The attentive waitress was instantly on the job.

“We’ve had an accident,” Mason said.

The waitress gave Mason a shrewd, searching look. Then, with her face a mask, said, “I’ll get a towel. Would you like to move over to another booth?”

Maxine moved out into the aisle, shook her skirt, took a napkin and sponged at the coffee stain. Her face seemed as white as the plaster on the wall.

“Right in here and sit down,” Mason said.

The waitress appeared with a towel, mopped up the spilled coffee, hurried away to get another cup of coffee and brought it back to them in the next booth.

Mason said, “Now, get hold of yourself.
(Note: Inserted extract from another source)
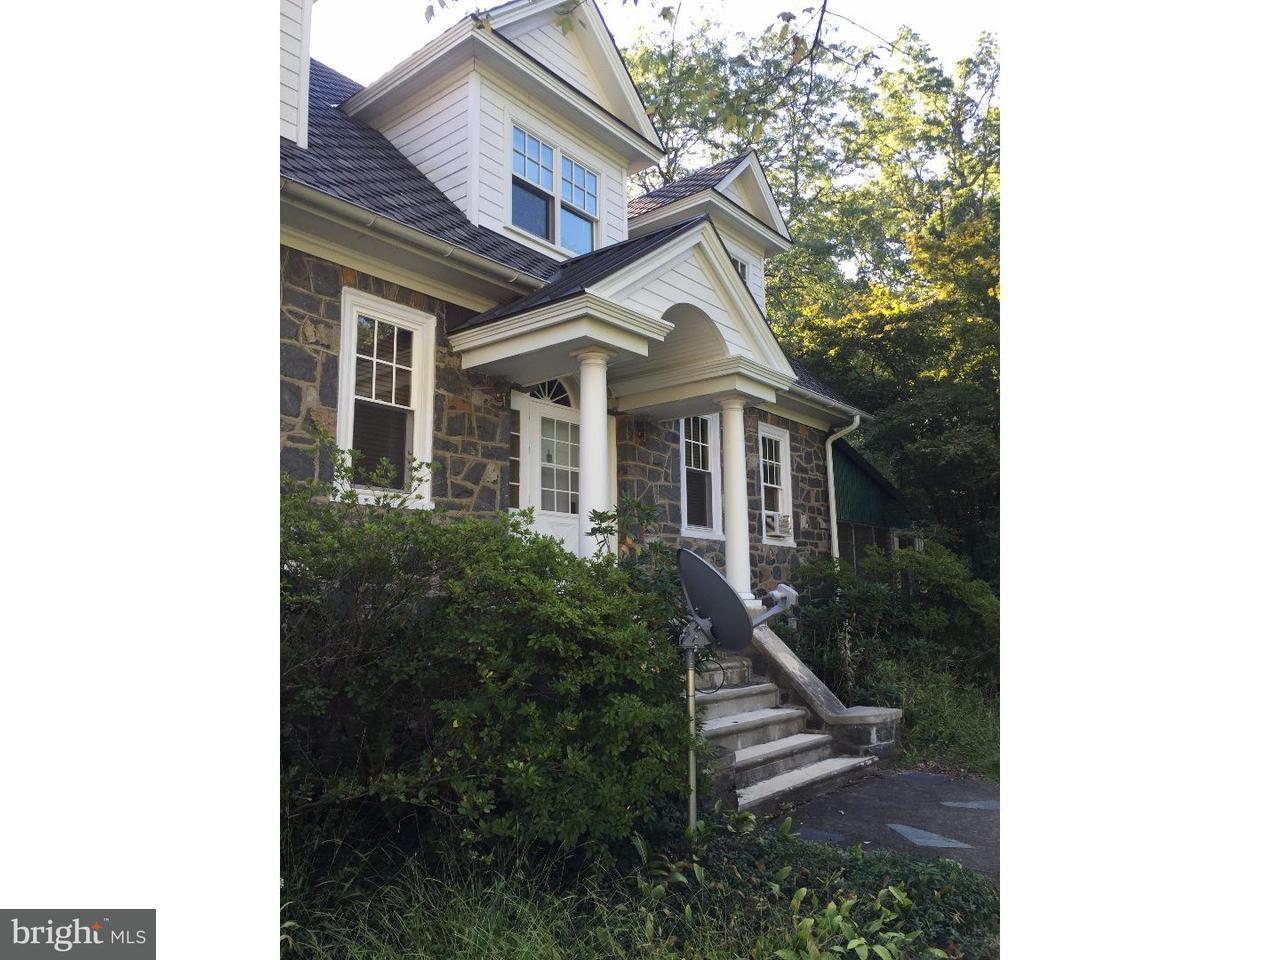 Частный односемейный дом для того Аренда на 105 W SMOKETOWN Road Quakertown, Пенсильвания 18951 Соединенные Штаты

Are you trying to tell me that you didn’t know Durant’s body was in your apartment when you gave Della Street the key and told her to go up?”

“Honest, Mr. Mason, I didn’t... You aren’t lying to me, are you?”

I’m telling you the truth.”

“That,” she said, after a moment, “changes things a lot.”

“I thought it would,” Mason said. “Perhaps you’d like to tell me how.”

“You’re not — you’re not trying to trap me, are you, Mr. Mason?”

“What do you mean?”

“Collin Durant is— He’s really dead?”

“He’s dead,” Mason said. “He was evidently shot in the back, perhaps two or three times. His body fell forward in your bathroom. I wouldn’t want to make anything more than a guess right now but as a guess I’d say that he was searching the apartment when he was killed, that he stepped into the bathroom, parted the shower curtains, and that, as he did so, someone put a small-caliber revolver right up against the back of his coat and pulled the trigger two or three times. Now, does that mean anything to you?”

She said, “I didn’t do it, if that’s what you want to know.”

“Suppose,” Mason said, “you tell me a little bit about Durant.”

“Durant was a... a devil.”

“Go on,” Mason said.

She said, “Durant had the most horrible pair of ears in the world. He heard everything and he forgot nothing. He would encourage people to talk, getting them to tell about their own affairs, about their own background. He’d be the most attentive, sympathetic listener in the world, and he’d be remembering everything he heard. Sometimes I think he must have gone home and put everything on a tape recorder or something and kept notebooks.